---------- RECORD EXTRACTS

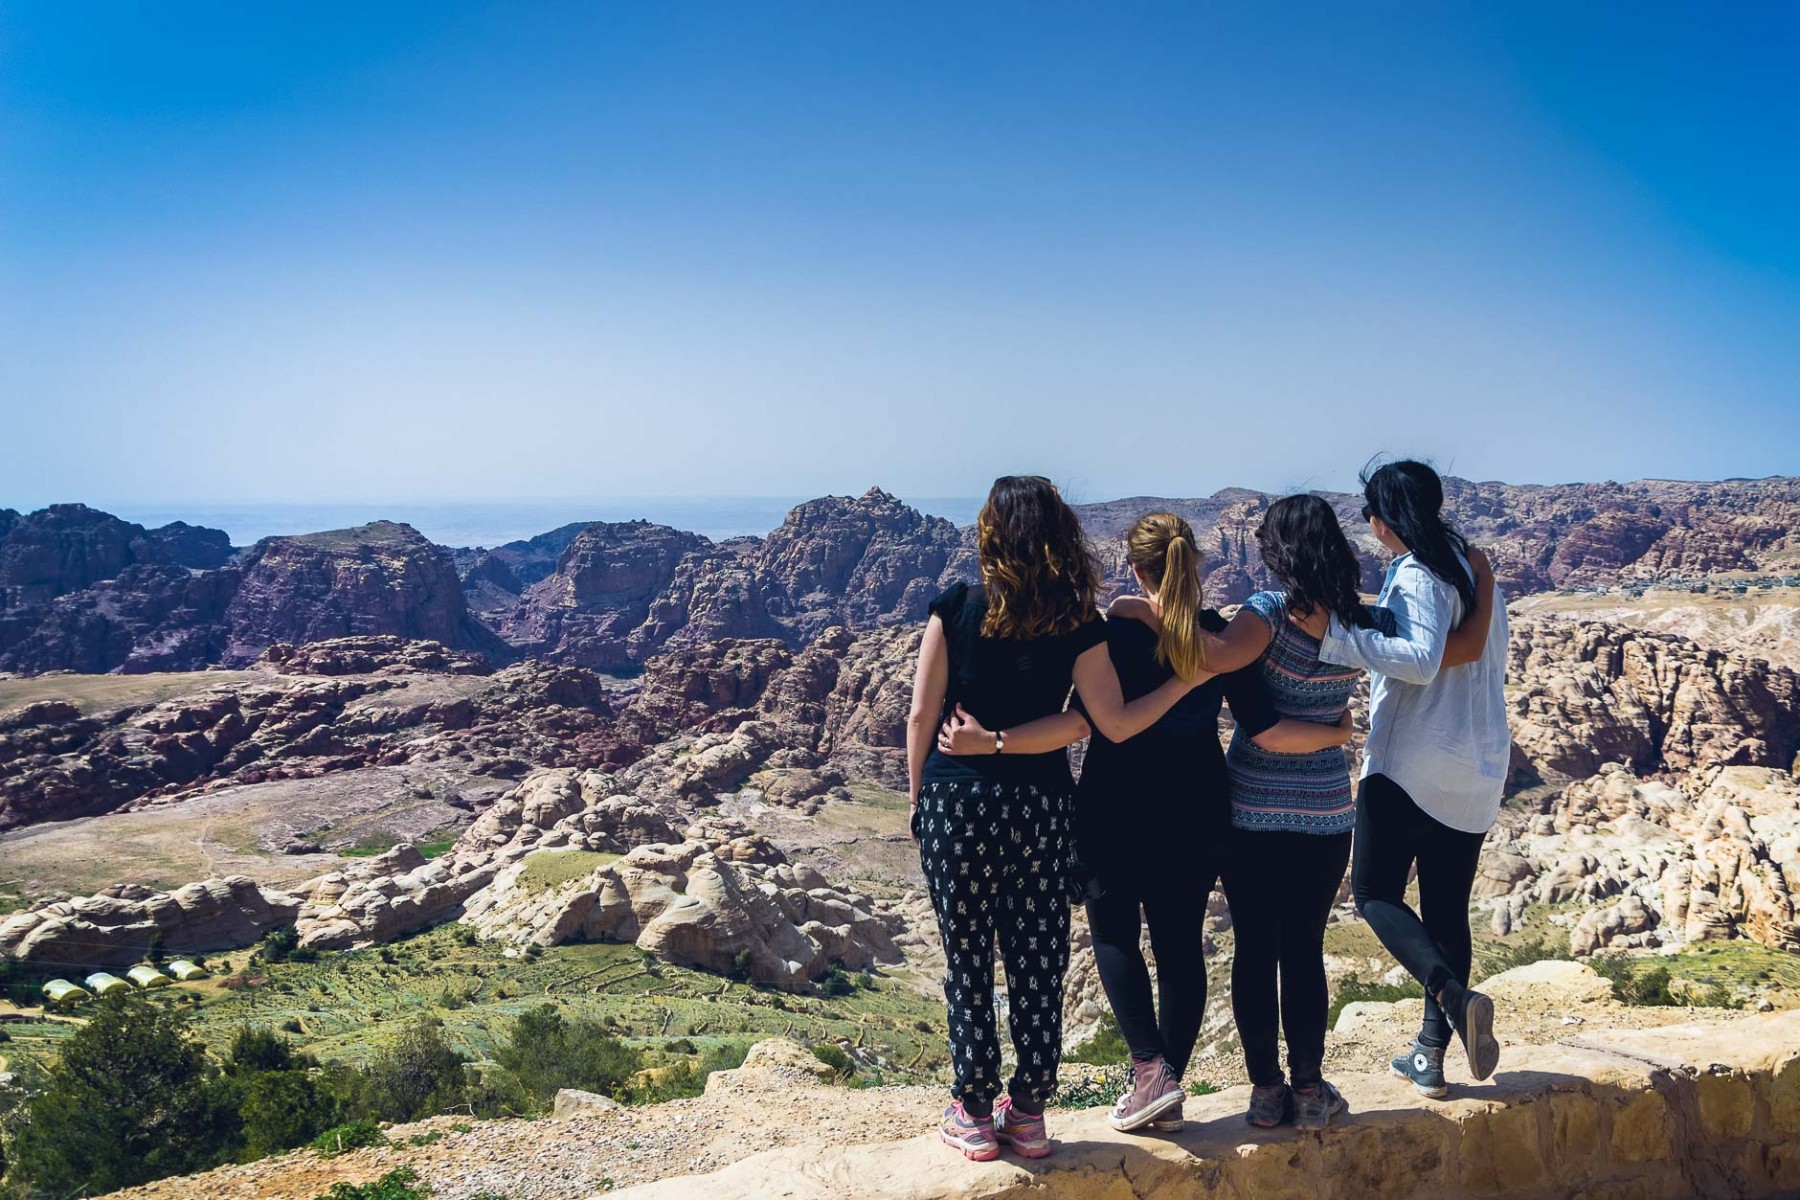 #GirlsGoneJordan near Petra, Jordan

--------------------
---------- RECORD EXTRACTS

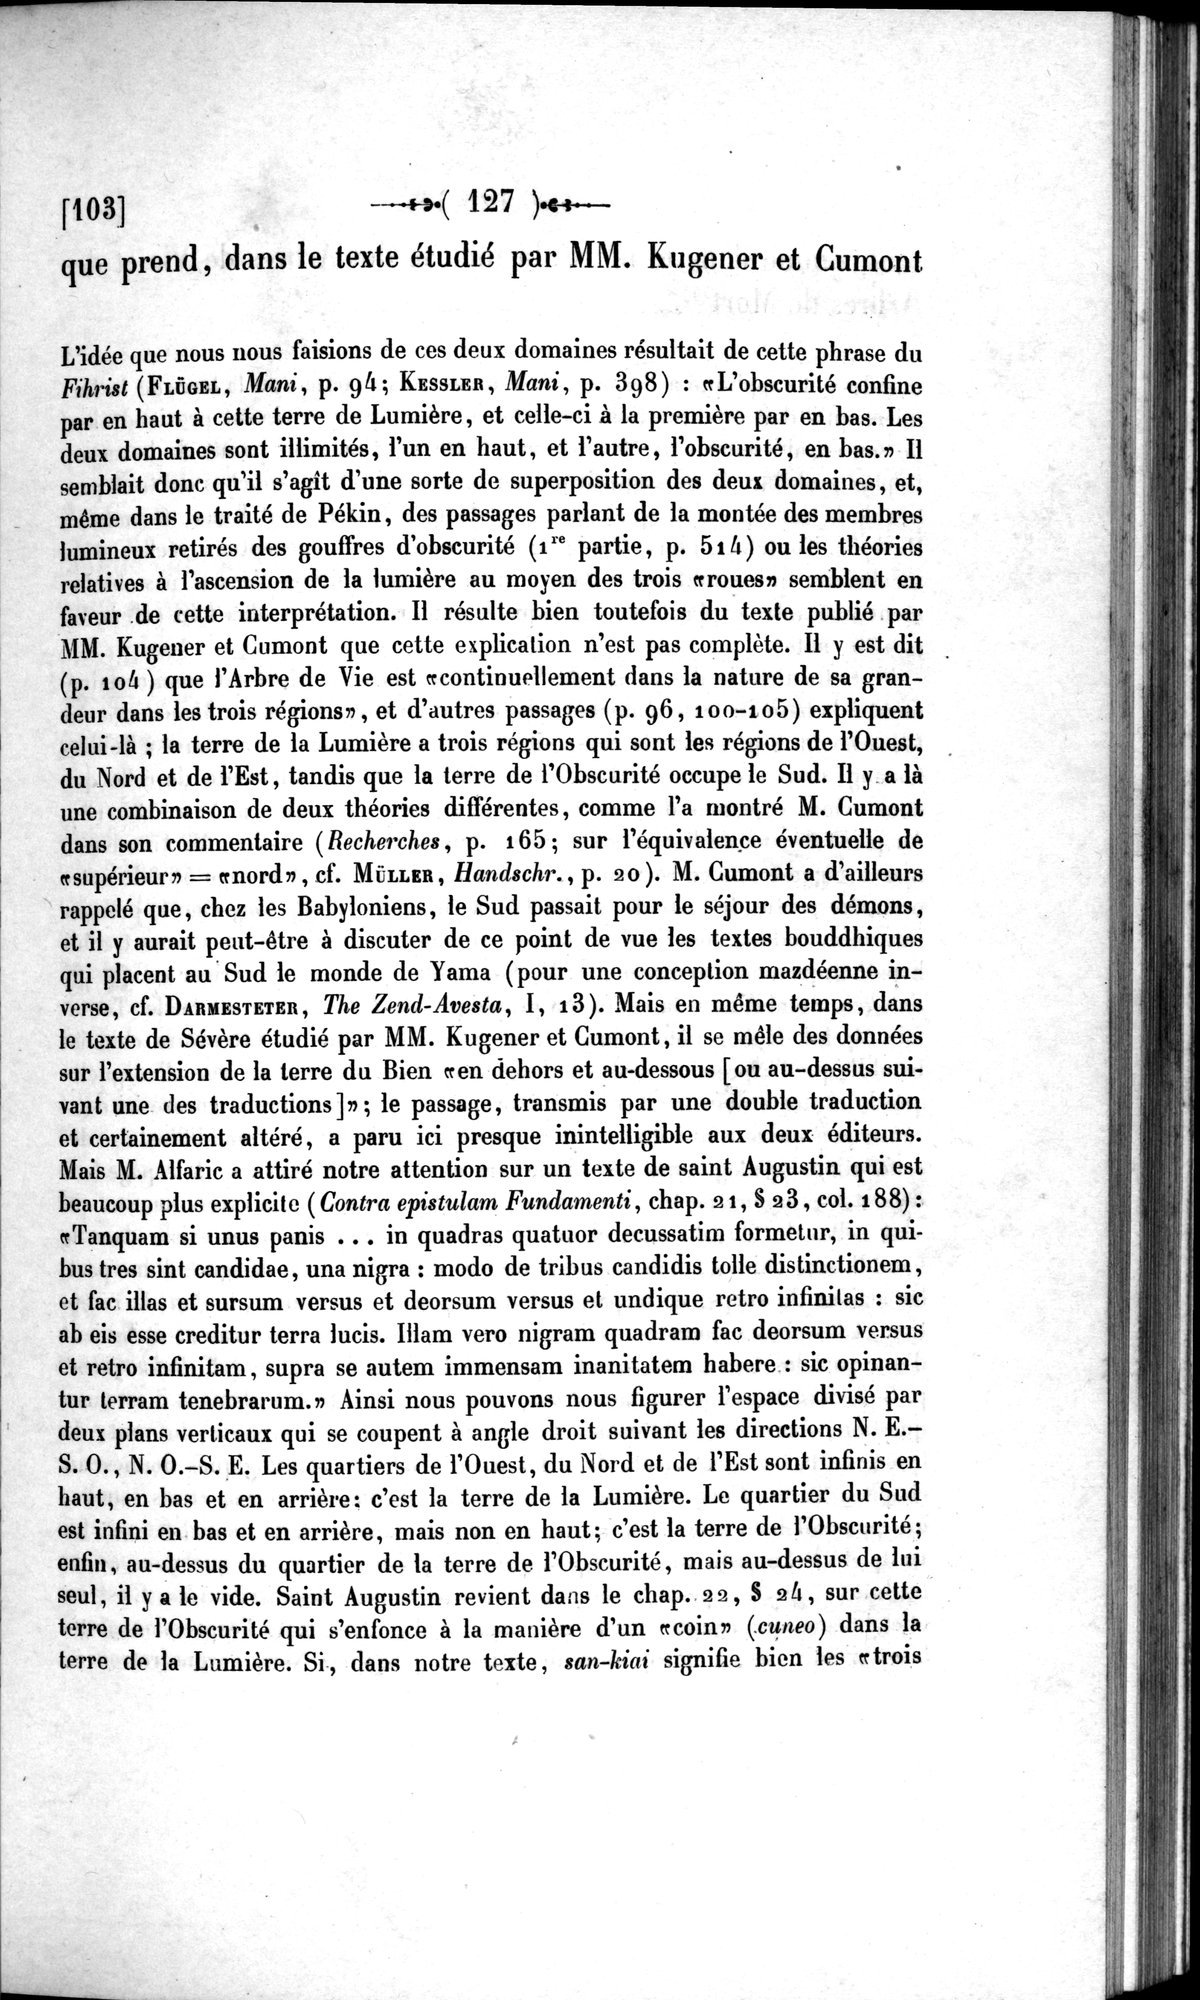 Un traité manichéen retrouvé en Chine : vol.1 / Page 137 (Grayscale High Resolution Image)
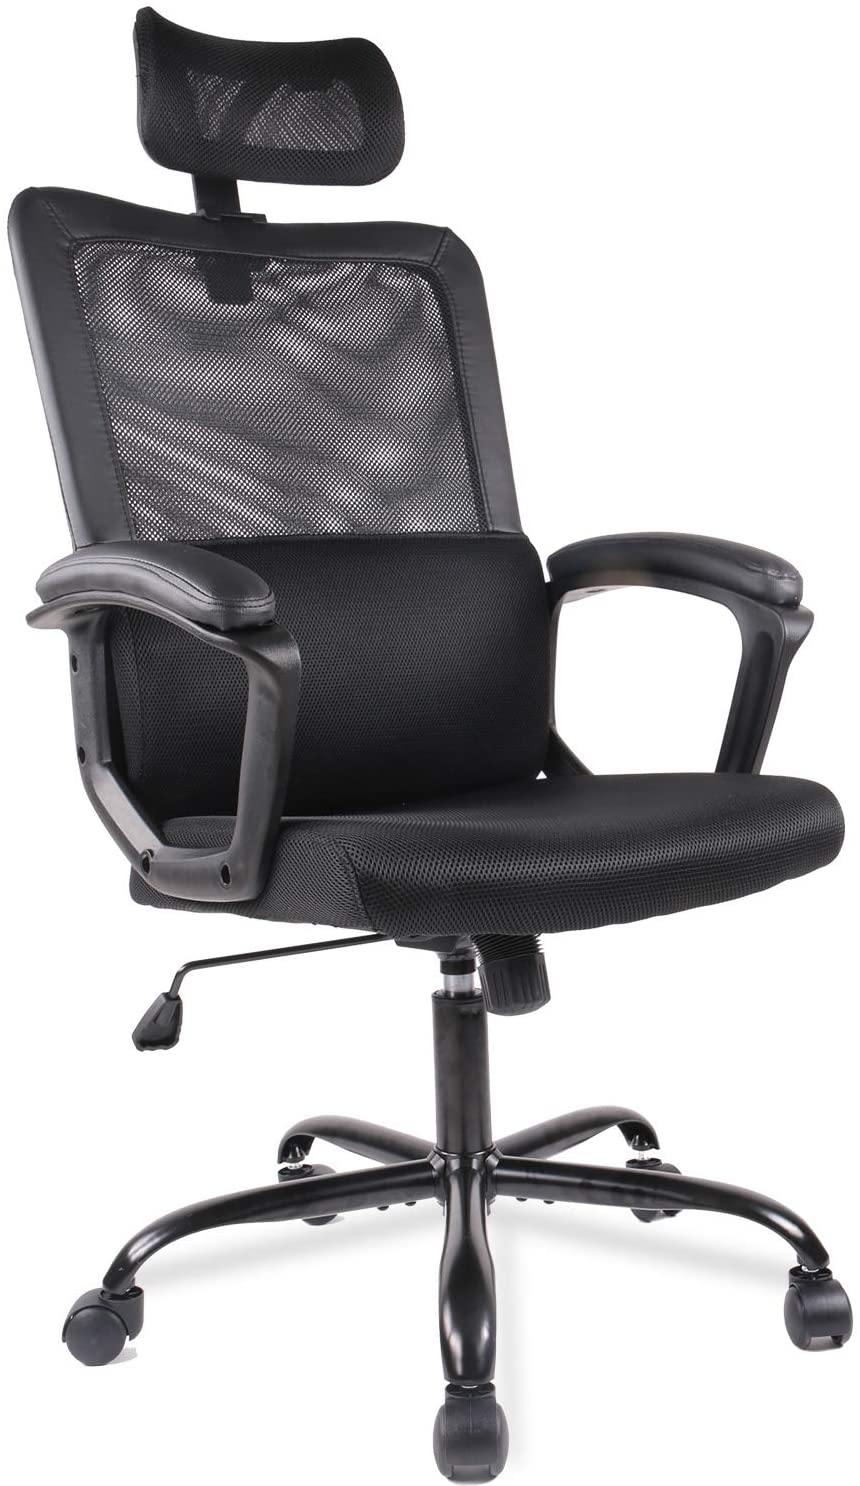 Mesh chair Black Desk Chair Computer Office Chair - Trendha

--------------------
---------- RECORD EXTRACTS

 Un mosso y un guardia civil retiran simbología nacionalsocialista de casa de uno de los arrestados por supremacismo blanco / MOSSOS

--------------------

Return the material from the line containing "Un traité manichéen" through the line containing "Mesh chair Black", exactly and in full, but without its pictures.

TASK OUTPUT —
 Un traité manichéen retrouvé en Chine : vol.1 / Page 137 (Grayscale High Resolution Image)
 Mesh chair Black Desk Chair Computer Office Chair - Trendha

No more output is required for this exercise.